What’s Old Is New Again

06/17/2018/by Suzette Tom

This past week, leading up to today, I wouldn’t be human if I wasn’t doing a little bit of reflecting. There’s no reason to make any big deal about it, but I turn forty years old today.

Now, a lot of people, especially friends that like to give people a little ribbing, like to see this as the “over the hill” birthday. Since forty marks a little over halfway through what is commonly agreed to be the average life expectancy, they say someone turning forty us up and over that hill. But a lot of people would be wrong.

See all of us here deserve a little congratulations today. In addition to this day being my birthday, every person here deserves to be recognized for making their own very wise decision. See, we have all won a kind of lottery. Not the kind of lottery that makes you financially wealthy, and here in Hawaii, not the kind of lottery that funds our public schools either, but that’s a different sermon…stay tuned. No, no, those who choose to live here, here on these magical, life-giving islands, have another kind of win to celebrate. See, Hawai’i has the longest life expectancy of any of the other states and territories that make up the United States. The life expectancy in Hawai’i is 81.3 years. Since the national average is somewhere around 76, by living here, you’ve extended your life by more than five years! Right? Isn’t that how statistics work? No?

Okay, fine, but this news was important to me. Because I’ve been spending the last few years, living in other states, states with life expectancies somewhere in the high seventies, and thinking to myself: Well you’re in to middle age now…you’re more than halfway there. You’re over the hill. But see, by moving here I have another six months and roughly ten days left before I can start feeling that way again, all because of where I am in the world. It’s a birthday miracle. I was old, but now I feel new again.

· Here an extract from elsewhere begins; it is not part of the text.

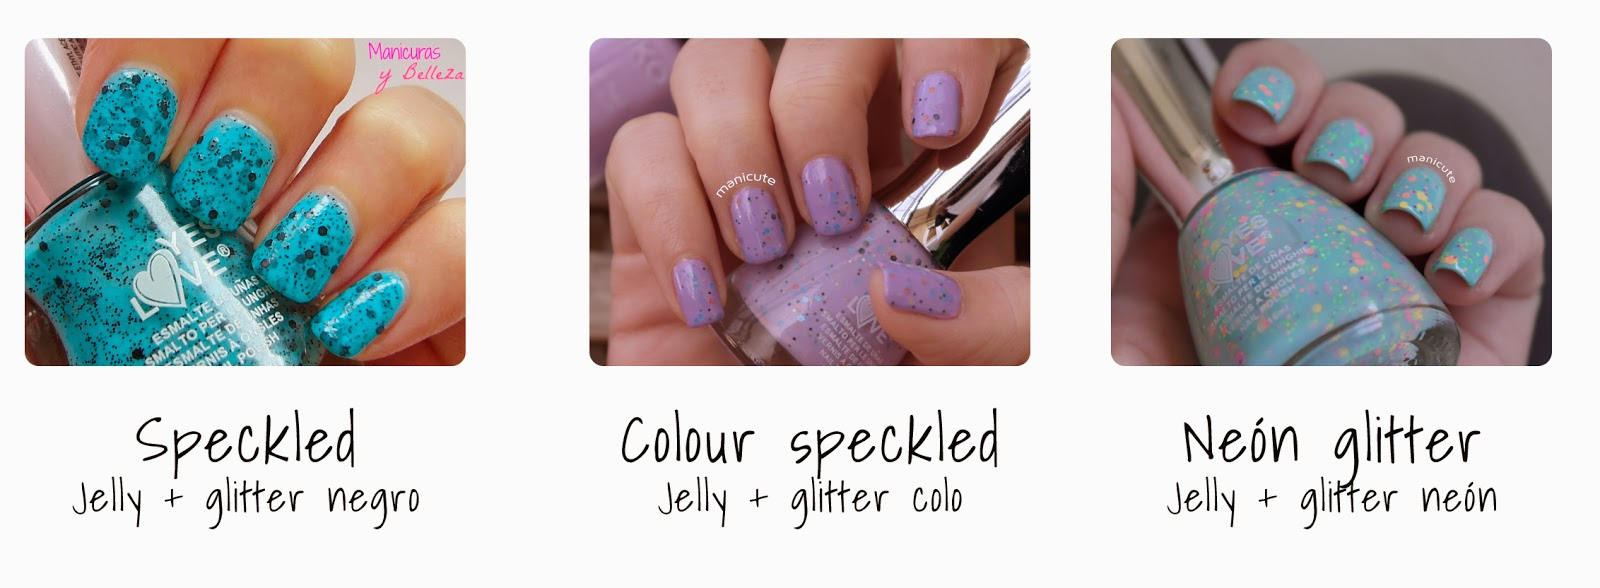 Yes Love glitter neon
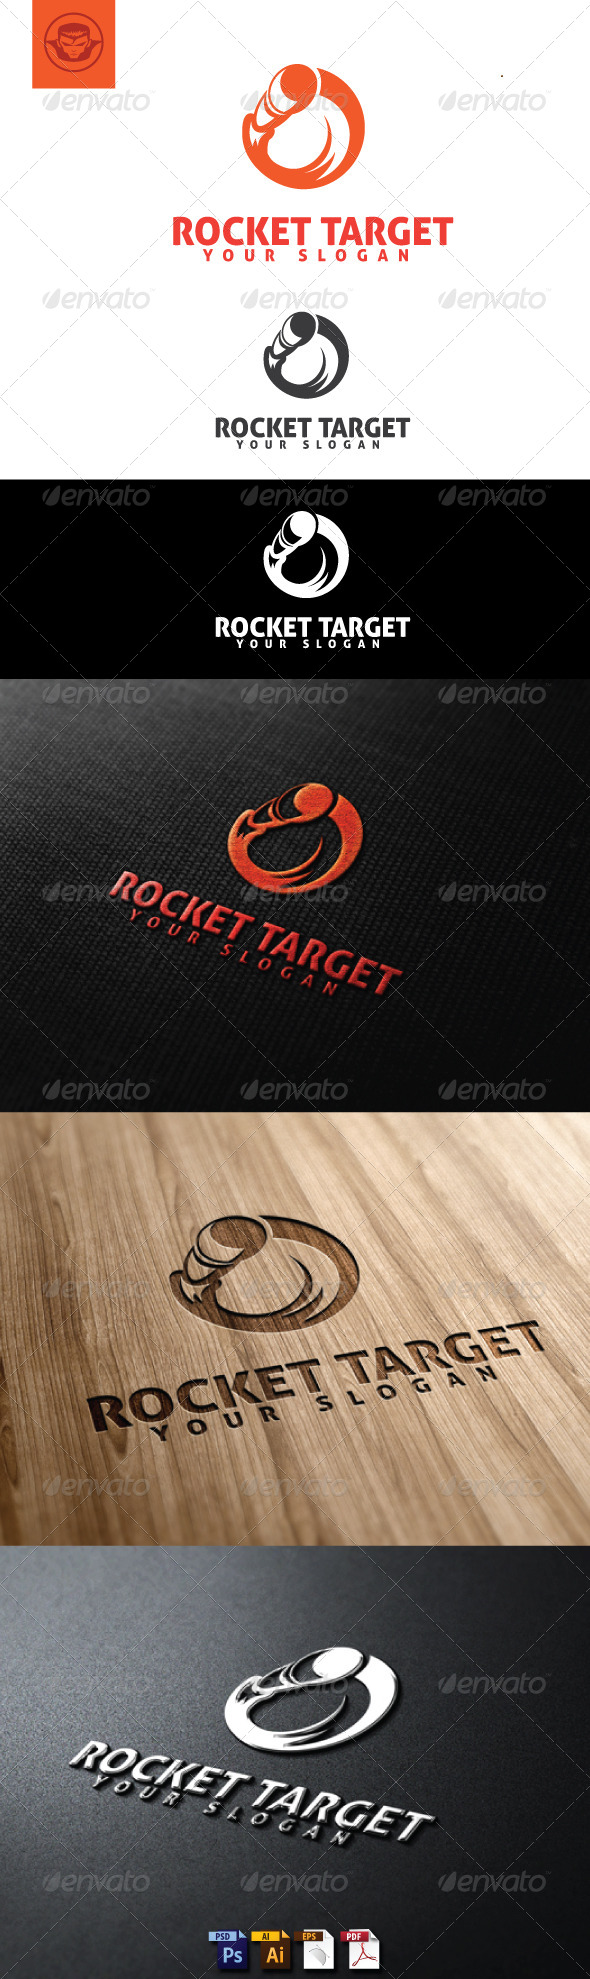 GraphicRiver Rocket Target Logo Template 4884804

Of course, I’m being a little silly about this. Not only about my age, but also about math. See, an average life expectancy is not a predictor of any individual’s experience. In fact, people who know about math would tell you that an average, by its very definition, does not represent any one person’s individual experience. An average is meant to be impersonal. But limits or averages like this provide something else. They allow individuals to look at points in their own lives and consider those lives in light of what is average—an individual experience, set against a culture’s or a society’s shared experience. So then, why do we pay attention to much to these milestones? Why are we so concerned with certain anniversaries? Aren’t these only arbitrary dates or limits of years that someone surpasses, just like every other date or limit? Perhaps. But we know, we feel, we sense, that there is a little more going on around these round-number events in our lives than around some of the other dates, right?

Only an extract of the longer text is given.